HOOFDSTUK 3 BEGELEIDING

artikel 3.1 Begeleidingsvormen

Bij begeleiding wordt onderscheid gemaakt in vier vormen begeleiding:

  • a.

    Begeleiding A: Individuele begeleiding, die indien passend/noodzakelijk vanwege de situatie van de cliënt kan worden gecombineerd met begeleiding B.

  • b.

    Begeleiding B: Dit is een structurele tijdsbesteding in groepsverband met een welomschreven doel waarbij de cliënt actief betrokken wordt en die hem zingeving geeft. Onder begeleiding B wordt niet verstaan: welzijnsactiviteiten zoals zang, bingo, uitstapjes en dergelijke. Indien passend/noodzakelijk bij of gezien de situatie van de cliënt kan een combinatie met individuele begeleiding worden gemaakt.

  • c.

    Begeleiding C: Gespecialiseerde begeleiding bij bijvoorbeeld NAH (niet aangeboren hersenletsel) en psychische stoornissen. Maar ook andere specifieke aandoeningen (zoals begeleiding aan doof/blinden en dergelijke) kunnen onder begeleiding C vallen.

  • d.

    Begeleiding D: In uitzonderlijke gevallen (die niet onder Begeleiding A, B of C vallen) worden individuele afspraken gemaakt omtrent de te verzorgen begeleiding.

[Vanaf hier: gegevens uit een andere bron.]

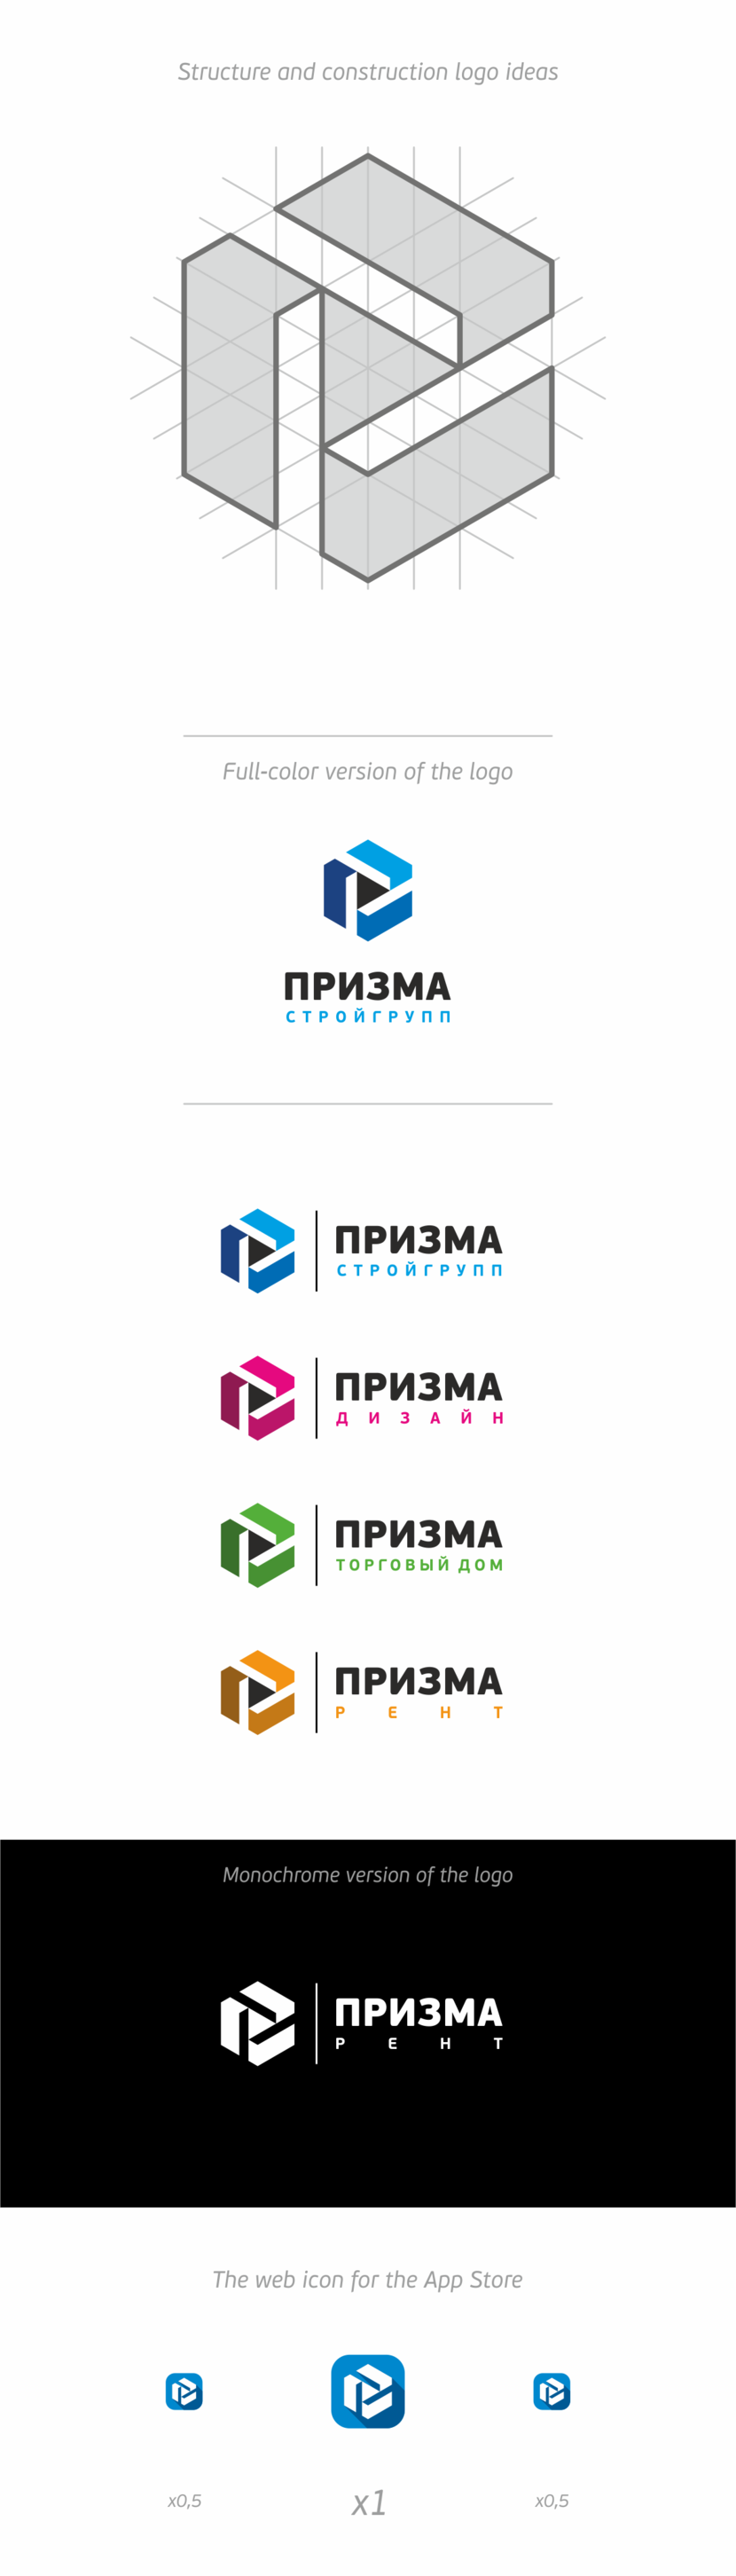 + некоторые корректировки) - Создание логотипа для группы строительных компаний

Met de inzet van begeleiding wordt een van de onderstaande resultaten nagestreefd. Er worden drie resultaten onderscheiden, eerst wordt onderzocht of verandering en groei mogelijk is. Is dat niet mogelijk, dan is stabiliteit en behoud het te behalen resultaat. Is ook dat niet aan de orde, dan is de maatwerkvoorziening gericht op welbevinden.

 

  • 1)

    Verandering en groei: persoon (en omgeving) leert (leren) vaardigheden om voldoende te participeren, dagelijkse levensverrichtingen uit te voeren en het persoonlijk leven te structureren en daar zoveel mogelijk regie over te voeren. Het participatieniveau wordt ontwikkeld, verhoogd en behouden op hoogst haalbare niveau (zelfstandigheid).

  • 2)

    Stabiliteit en behoud: individu in staat stellen op het hoogst haalbare niveau van participatie en zelfredzaamheid te komen en te blijven, door het creëren van stabiliteit en het stimuleren van participatie en zelfredzaamheid.

  • 3)

    Welbevinden: het bevorderen van welzijn en de kwaliteit van leven, achteruitgang vertragen en mantelzorgers ontlasten door het dragelijk houden van de effecten van de aandoening van de cliënt en langer thuis wonen mogelijk maken.

HOOFDSTUK 4 KORTDUREND VERBLIJF

artikel 4.1 Kortdurend verblijf

  • 1.

    Kortdurend verblijf is een vorm van respijtzorg, waarbij degene die ondersteuning behoeft elders verblijft en de mantelzorger even de tijd heeft om op adem te komen. Uitgangspunt is een verblijf van 3 etmalen per week. Kortdurend verblijf is uitdrukkelijk preventief bedoeld: een indicatie heeft als doel om overbelasting bij mantelzorgers te voorkomen, zodat zij de zorg thuis vol kunnen houden en (veel duurdere) opname in een intramurale instelling wordt voorkomen, of op zijn minst uitgesteld. Er mag geen sprake zijn van 24 uurs zorg. Kortdurend verblijf kan ook repressief zijn.

  • 2.

    In afwijking van lid 1 is het mogelijk om langer dan 3 etmalen per week te verblijven indien dit noodzakelijk is en vaststaat dat andere oplossingen geen optie zijn.

  • 3.

    De cliënt is primair zelf verantwoordelijk voor vervoer van en naar de instelling voor kortdurend verblijf.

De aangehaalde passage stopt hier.